Differential Substrate-Induced Signaling through the TonB-Dependent Transporter BtuB

• Published in: Proceedings of the National Academy of Sciences - PNAS Vol. 100; no. 19; pp. 10688 - 10693
• Main Authors: Cadieux, Nathalie, Phan, Phu G., Cafiso, David S., Kadner, Robert J.
• Format: Journal Article
• Language: English
• Published: United States National Academy of Sciences 16.09.2003; National Acad Sciences
• Subjects: Arabidopsis Proteins; Bacteria; Bacterial Outer Membrane Proteins; Bacterial Proteins - metabolism; Biochemistry; Biological Sciences; Cell membranes; Chemical suspensions; Crystal structure; DNA; Escherichia coli Proteins - metabolism; Fluorescence; Membrane Proteins - metabolism; Membrane Transport Proteins; Membranes; Microbiology; Microscopy, Fluorescence; Mutagenesis, Site-Directed; Periplasm; Phosphoprotein Phosphatases; Plasmids; Proteins; Receptors; Receptors, Peptide - metabolism; Signal Transduction; Substrate Specificity; Vitamin B
• ISSN: 0027-8424; 1091-6490
• DOI: 10.1073/pnas.1932538100

The BtuB transporter mediates high-affinity binding and TonB-dependent active transport of vitamin B12 [cyanocobalamin (CNCbl)] across the outer membrane of Escherichia coli. A characteristic feature of TonB-dependent transporters is the Ton box, a conserved sequence near the N terminus and exposed to the periplasm.

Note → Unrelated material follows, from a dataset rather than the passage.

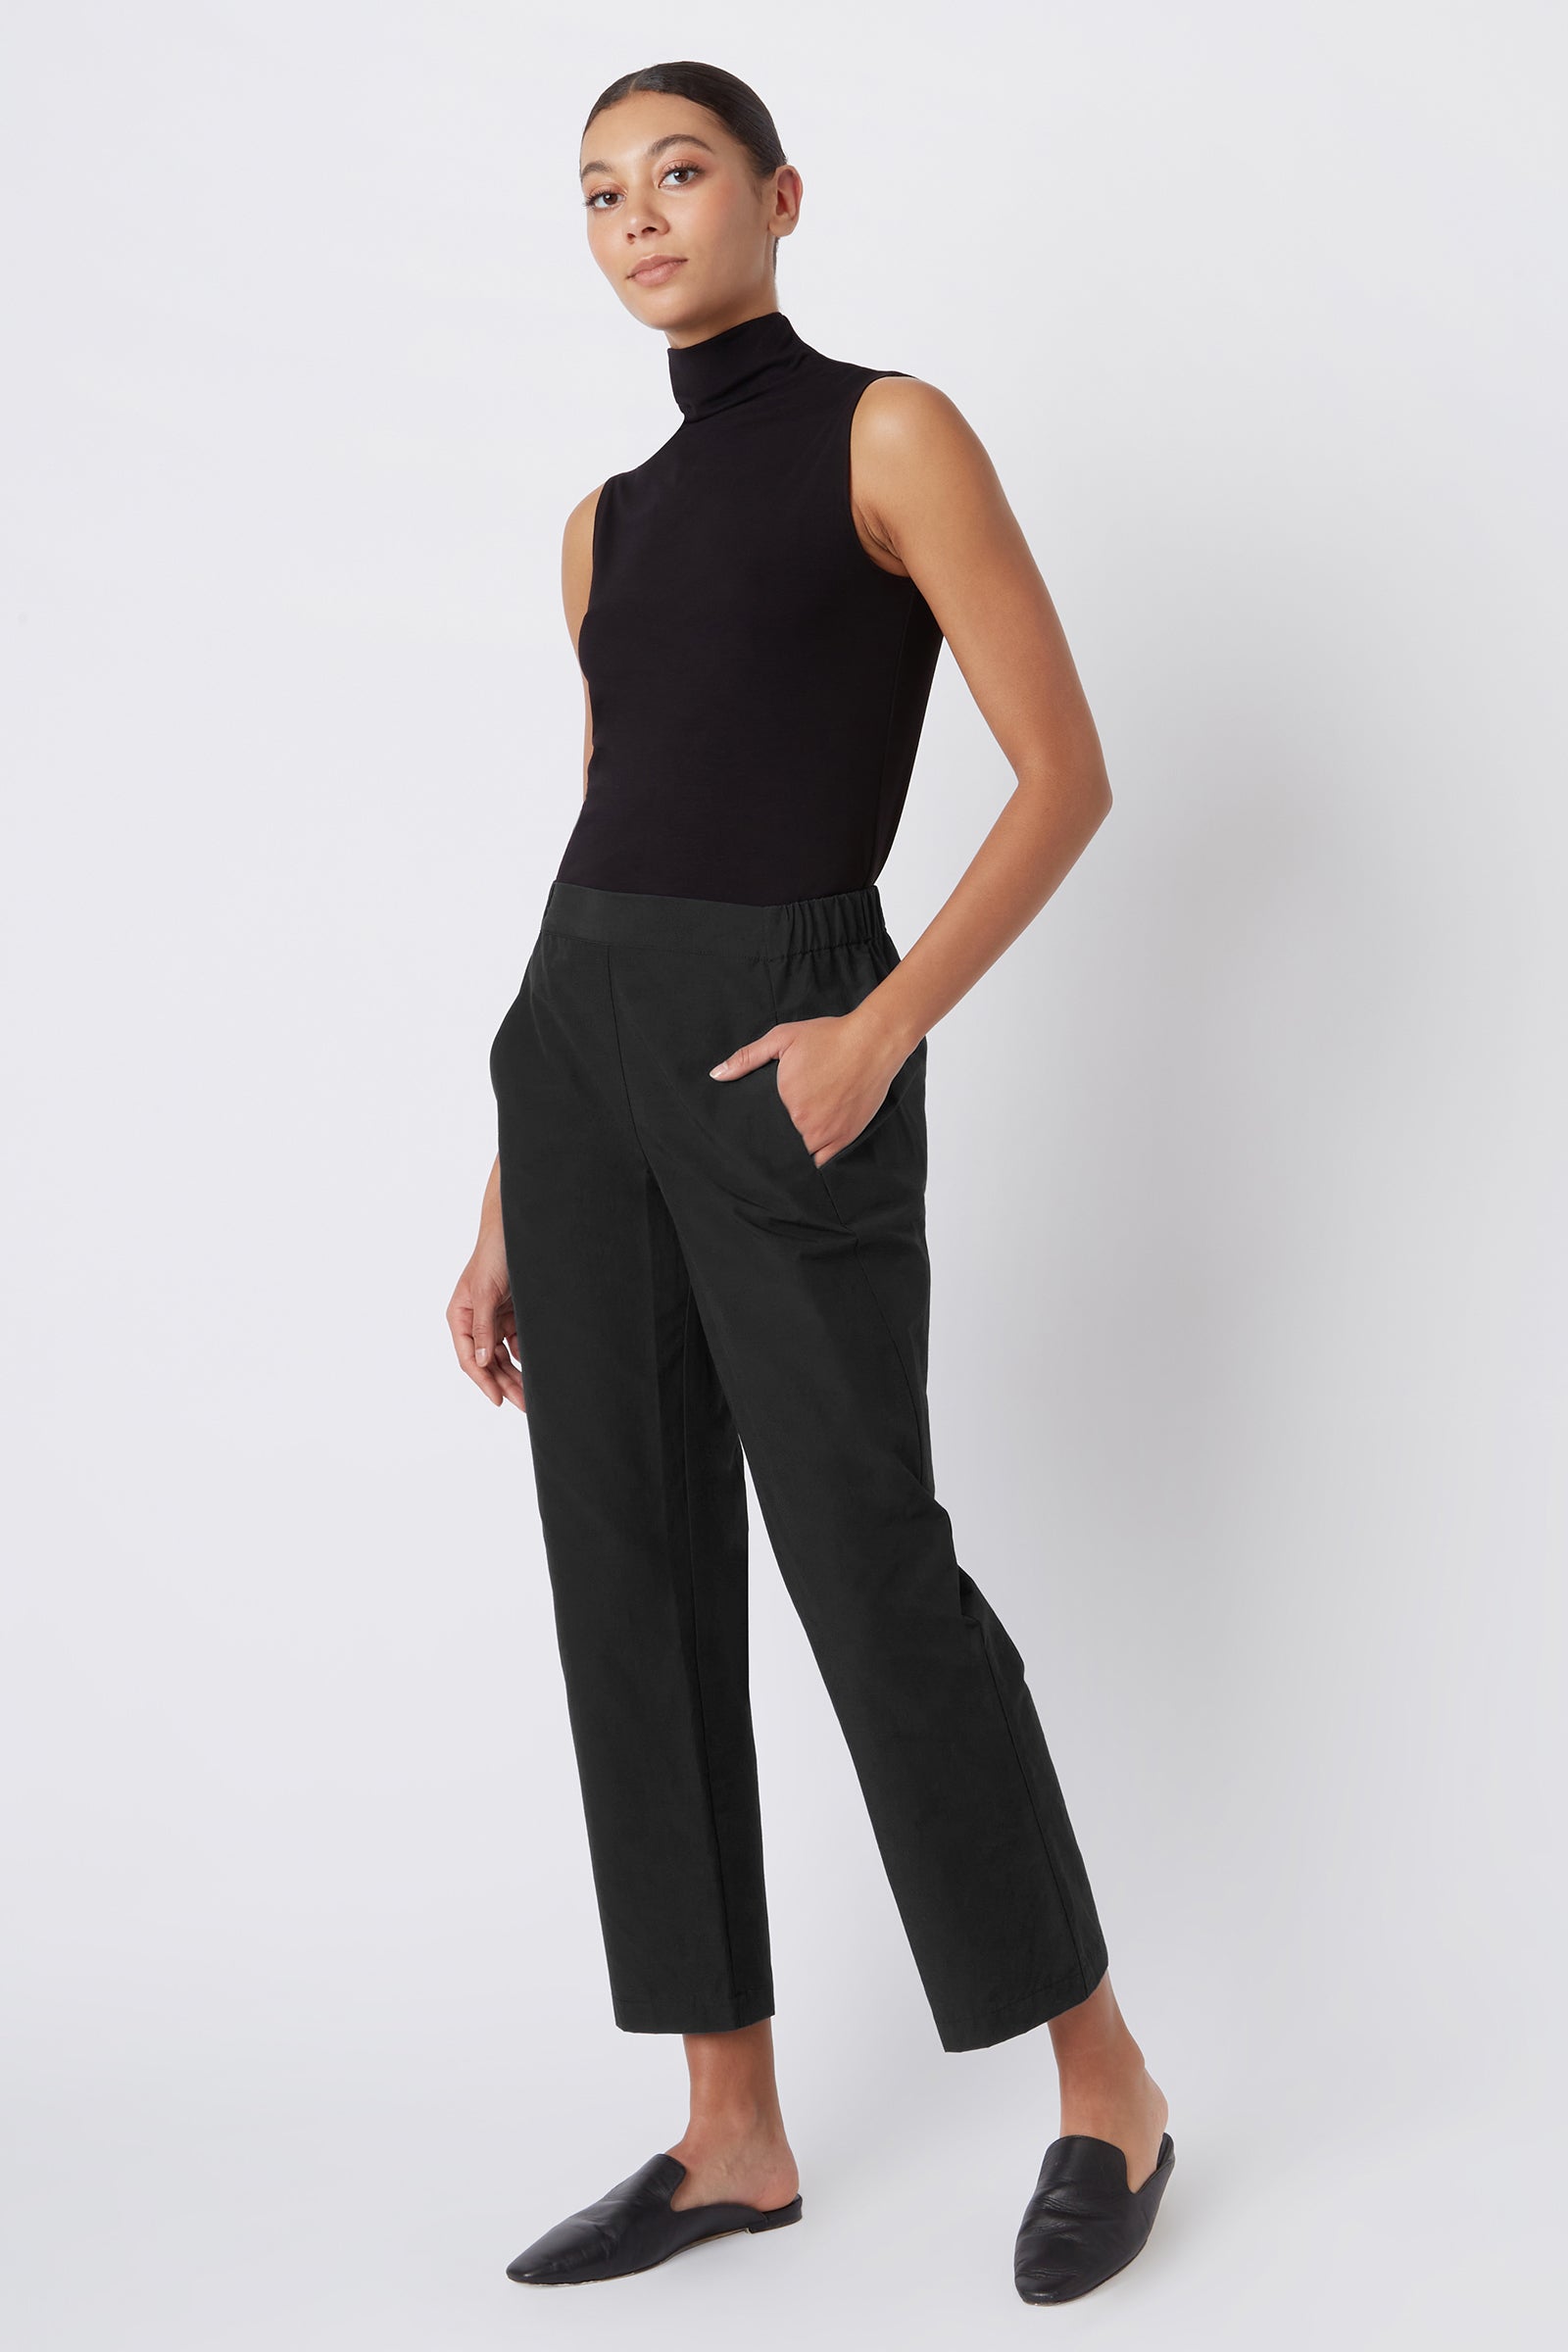 Kal Rieman Brit Crop Pant in Black on Model Angled Full Front View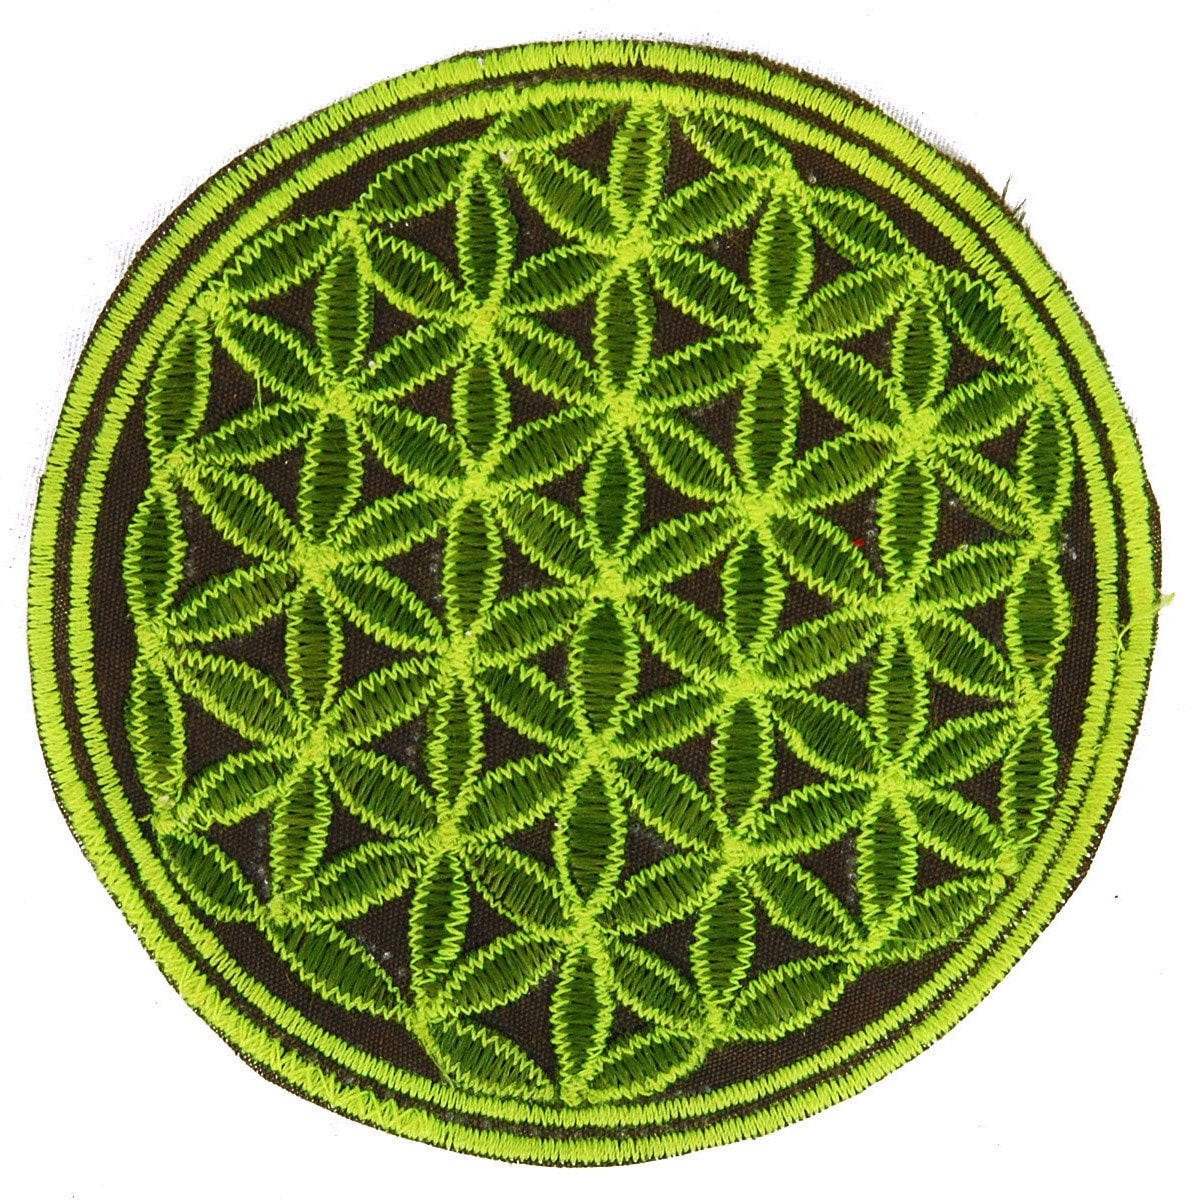 red flower of life patch small size embroidery application for sew on with blacklight glowing lines

Crosslinking to TonB and site-directed spin labeling indicated that the Ton box of BtuB undergoes a substantial conformational transition in response to CNCbl binding, but only slight movement was seen in crystal structures. An in vivo method of detecting substrate-induced changes in the Ton box environment measured reaction of a biotin maleimide derivative with cysteine substitutions through the N-terminal region of BtuB between positions 1 and 31. The degree of maleimide labeling of different residues correlated with their accessibility in the crystal structure. Labeling of many positions was increased strongly when CNCbl was present, consistent with the undocking of this region proposed from spin-labeling analyses. The receptor-binding domain of colicin E3, which binds to BtuB competitively with CNCbl, resulted in decreased labeling. Both substrate-induced transitions occur in and beyond the Ton box and were affected by transport-uncoupling substitutions. Thus, two transport substrates that bind competitively to the extracellular face of BtuB stabilize opposite transitions of the Ton box.